> **Directions for this task**
Transcribe the whole listing below without changing a word, but leave out every image.

> **Dataset extract**
☆ ☆ ☆

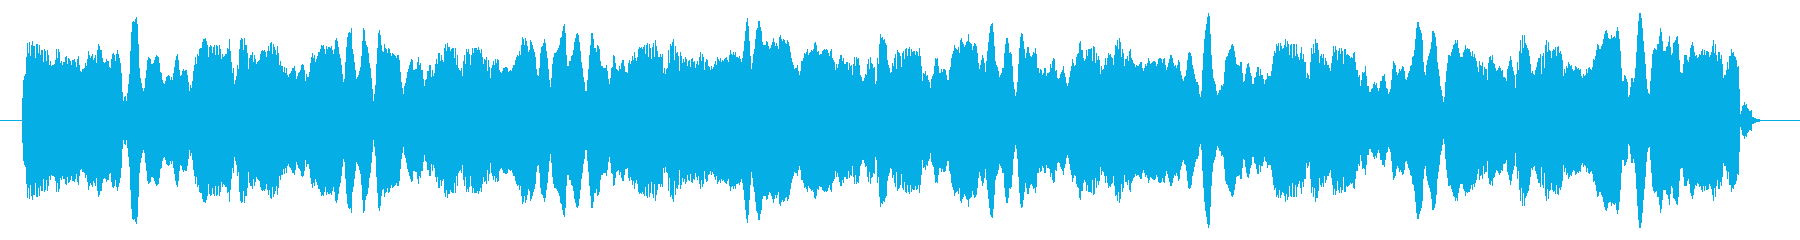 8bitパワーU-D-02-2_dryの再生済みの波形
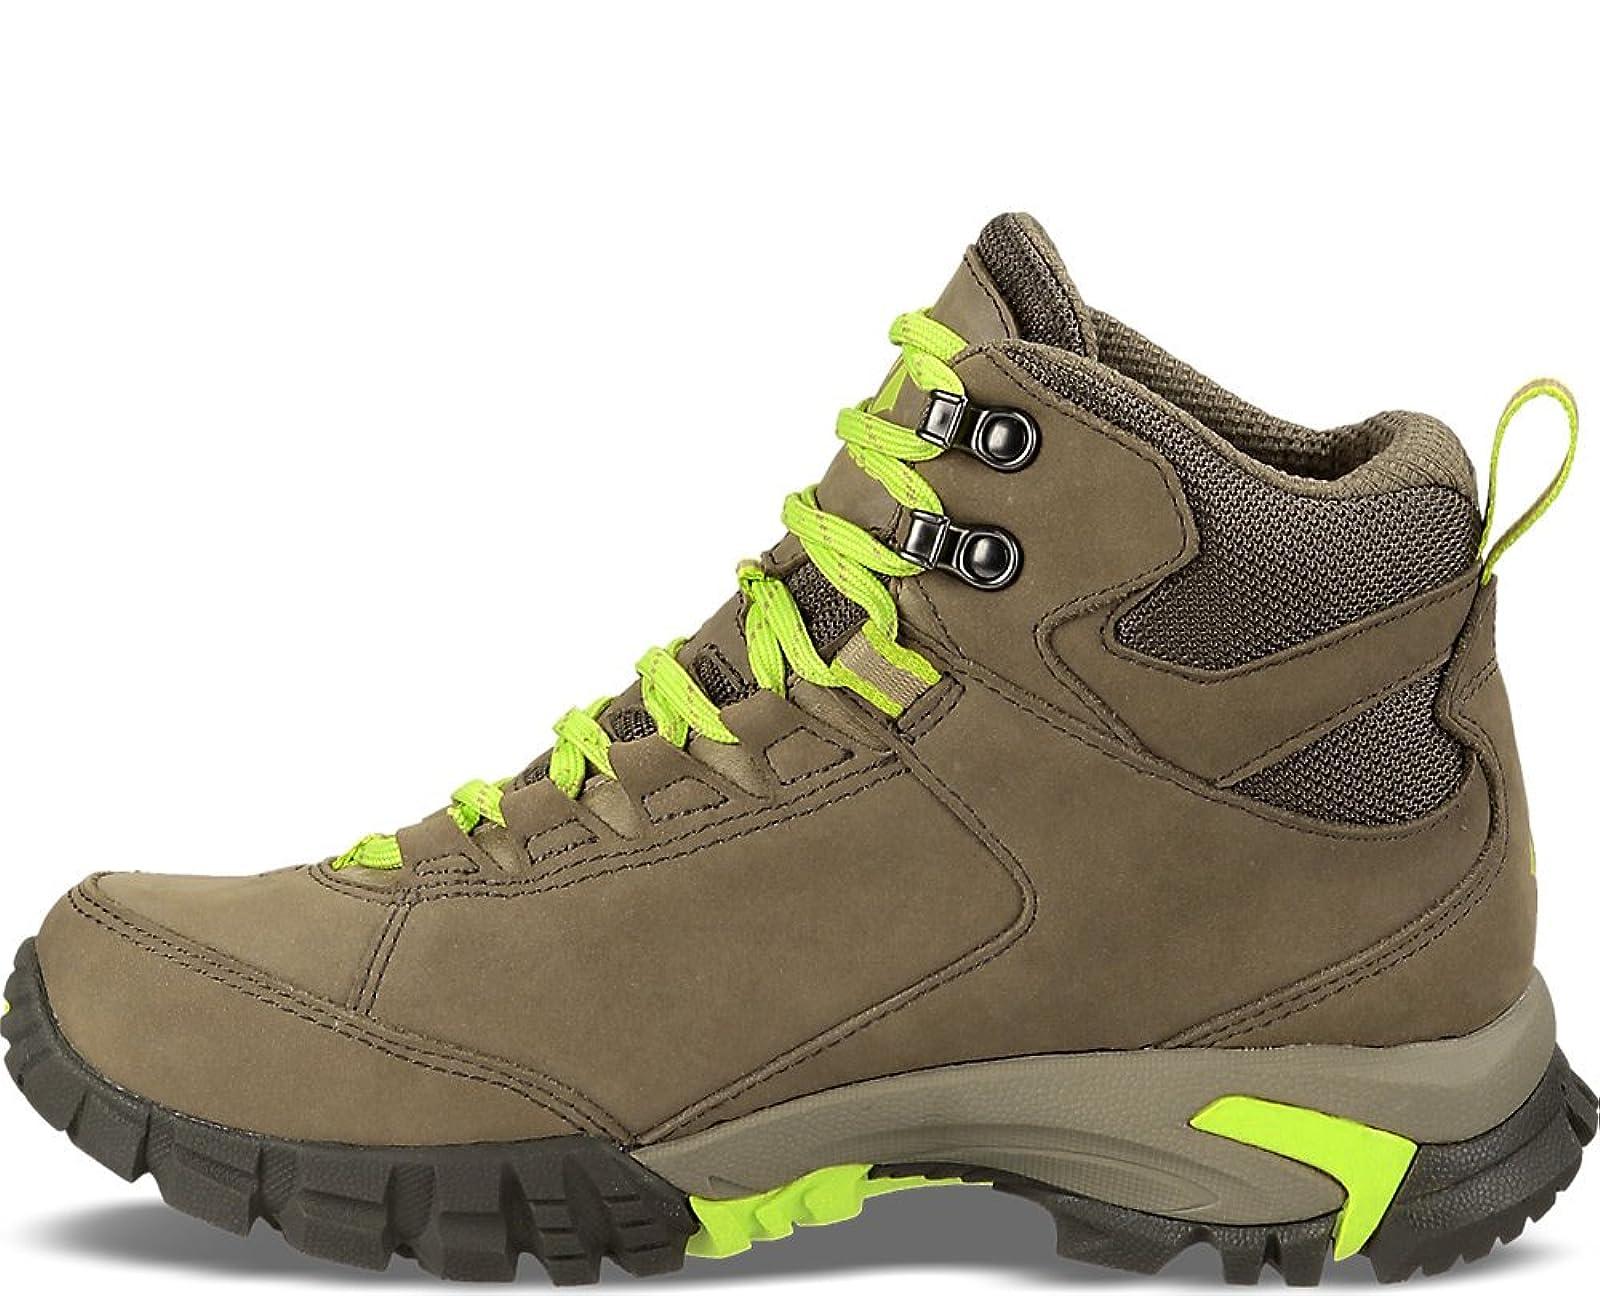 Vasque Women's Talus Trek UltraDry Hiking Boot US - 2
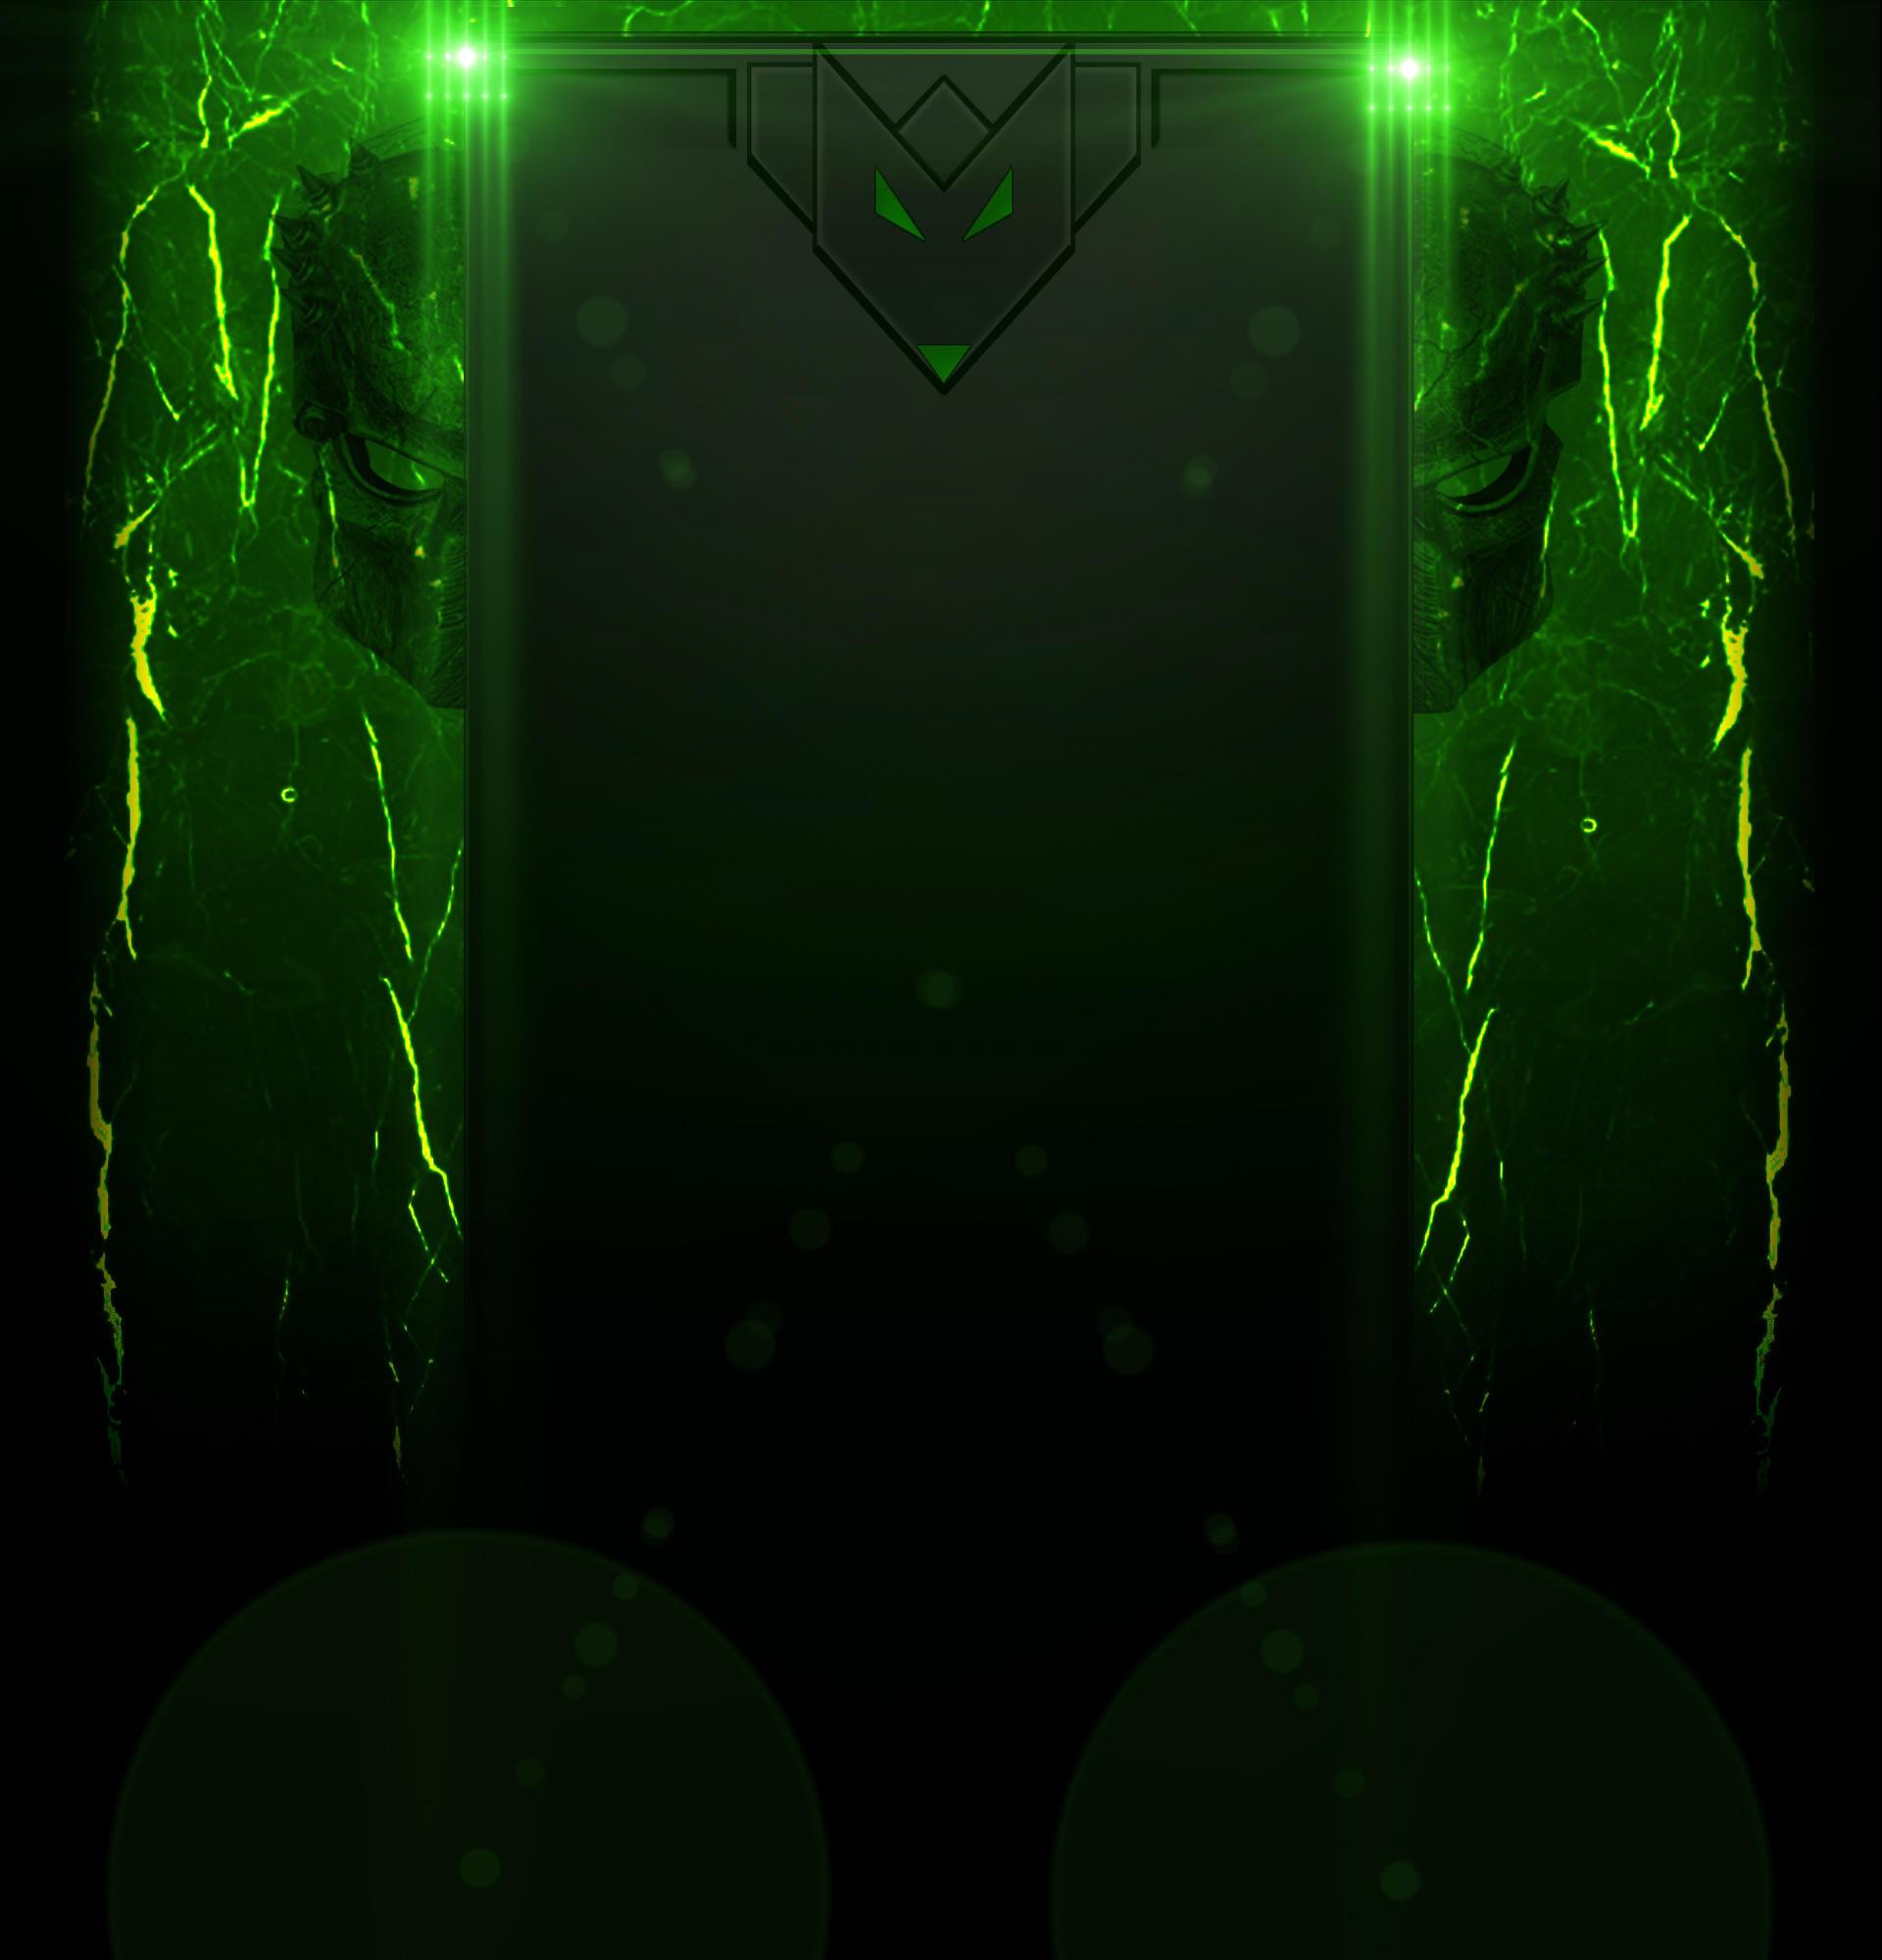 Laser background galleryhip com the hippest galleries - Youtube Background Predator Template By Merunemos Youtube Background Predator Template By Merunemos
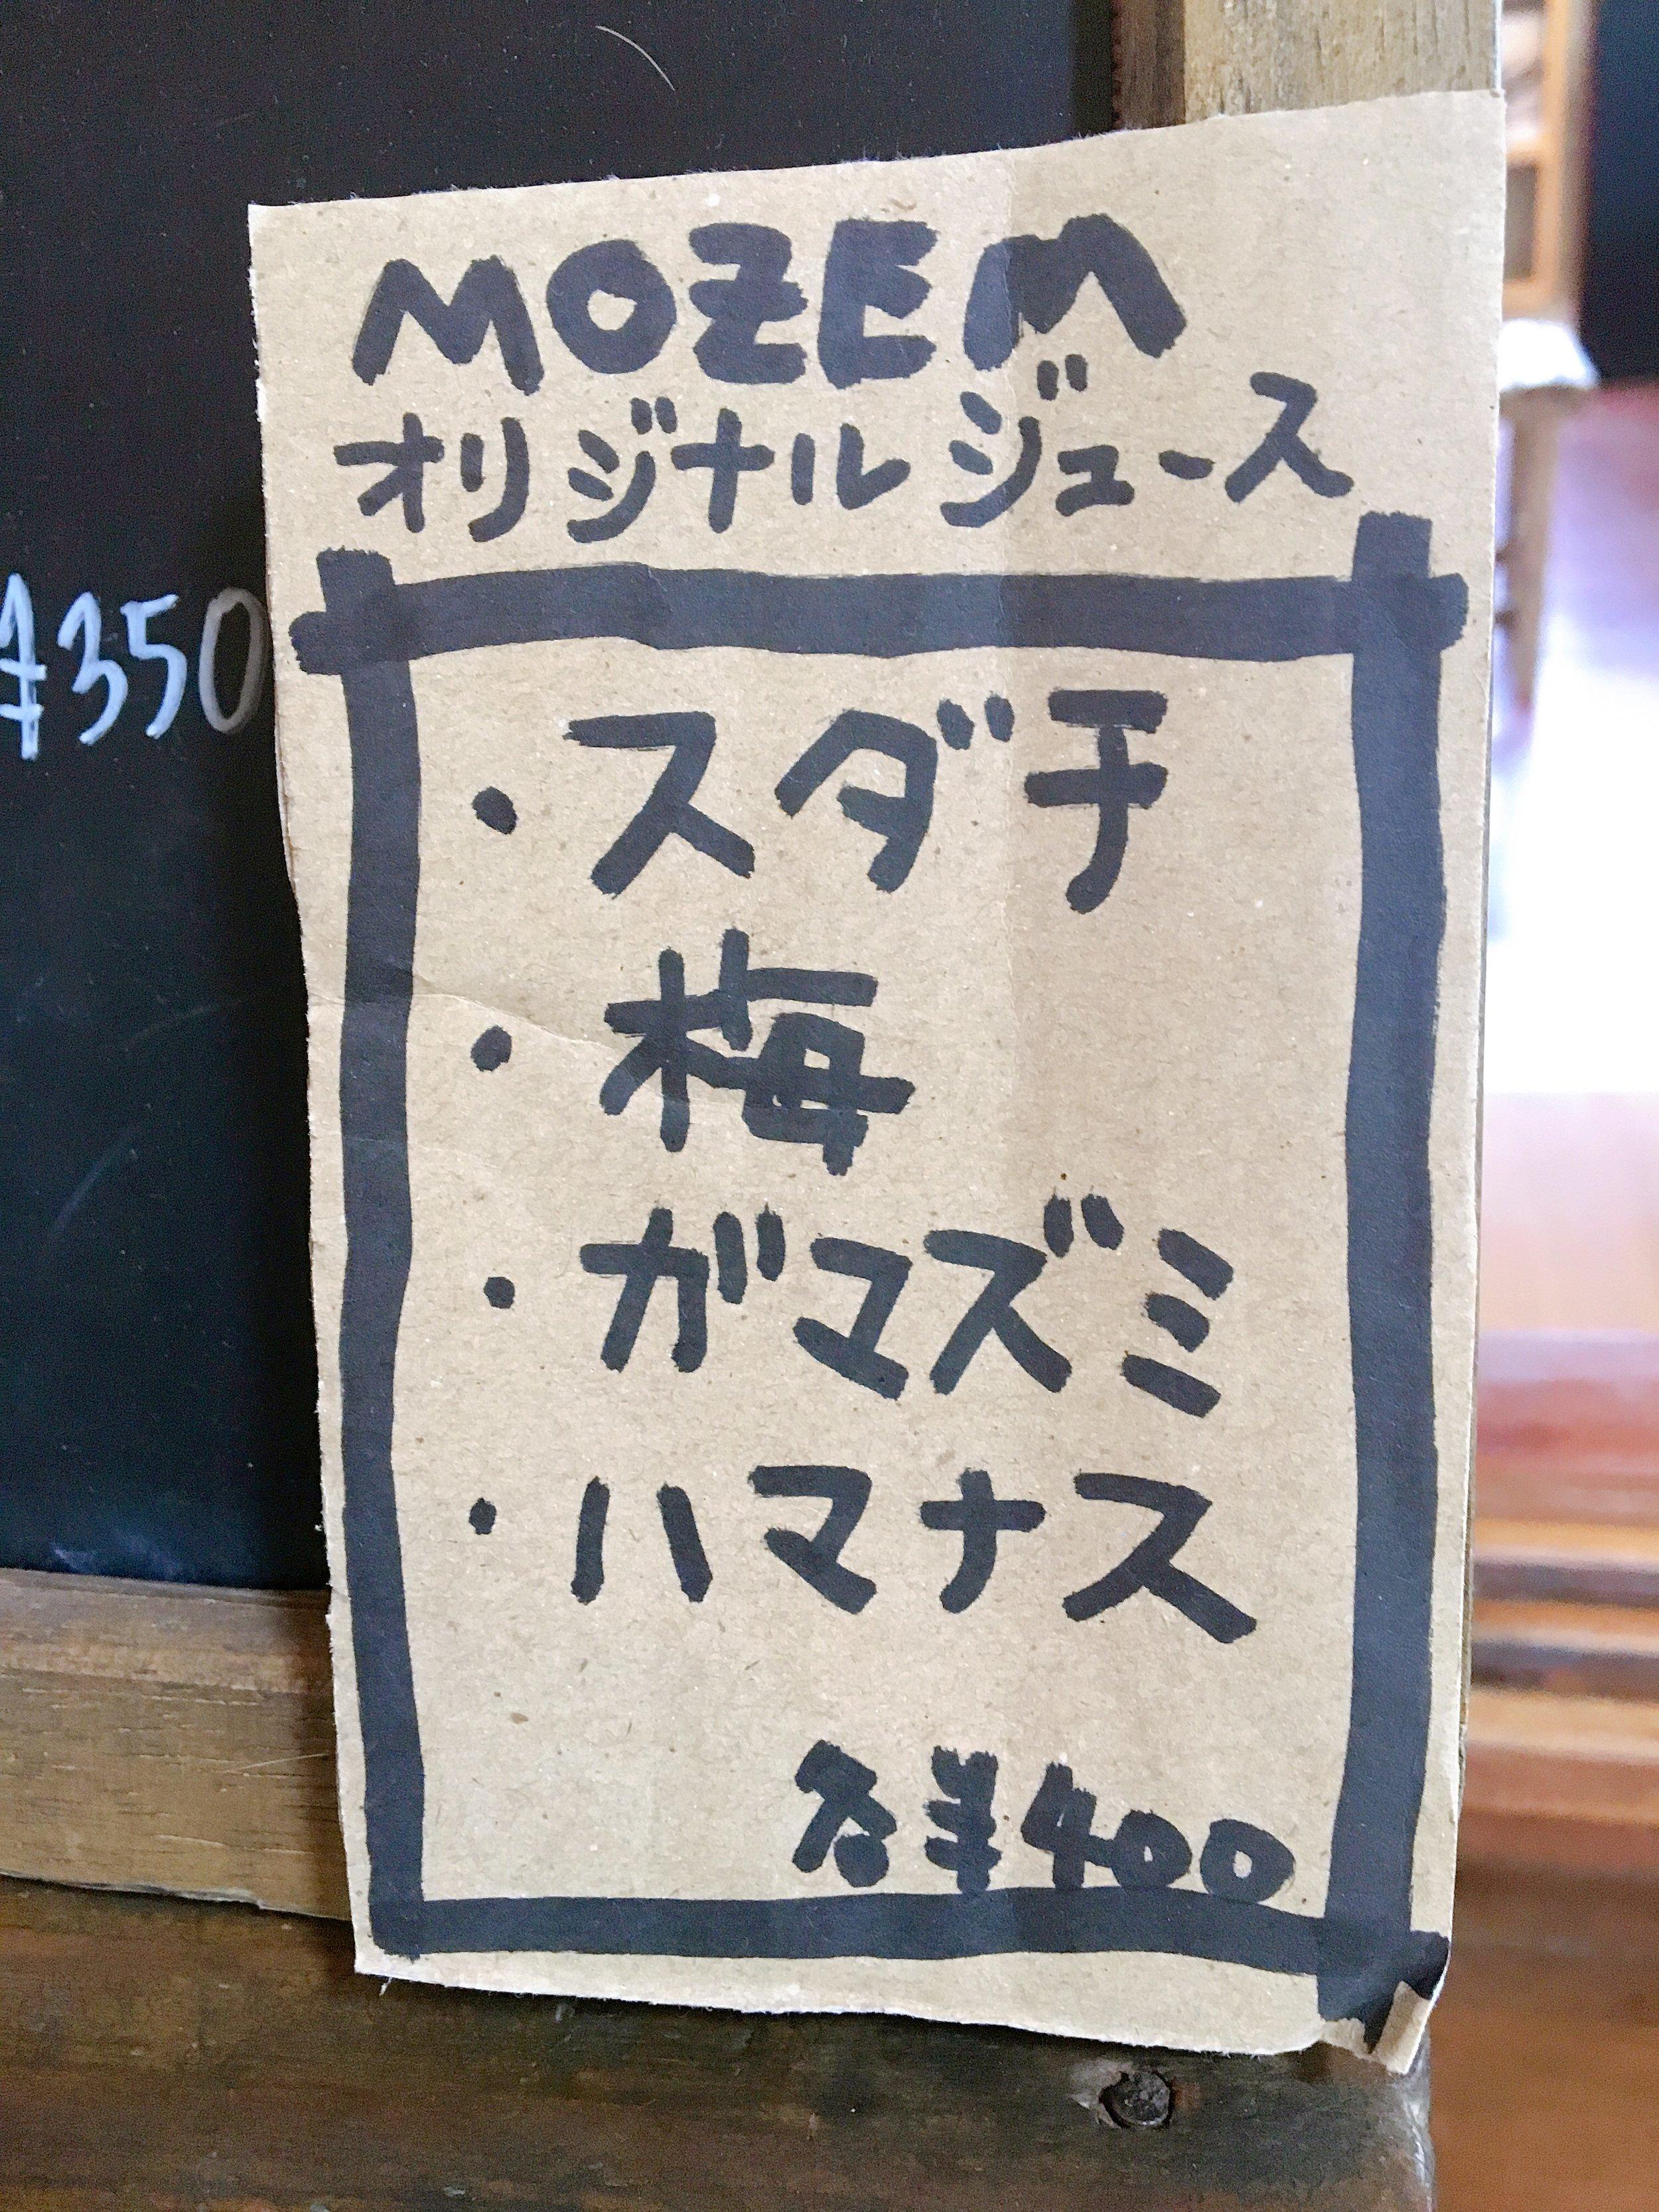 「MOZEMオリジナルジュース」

☆ ☆ ☆

> **The answer**
 8bitパワーU-D-02-2_dryの再生済みの波形
 Vasque Women's Talus Trek UltraDry Hiking Boot US - 2
 Laser background galleryhip com the hippest galleries - Youtube Background Predator Template By Merunemos Youtube Background Predator Template By Merunemos
 「MOZEMオリジナルジュース」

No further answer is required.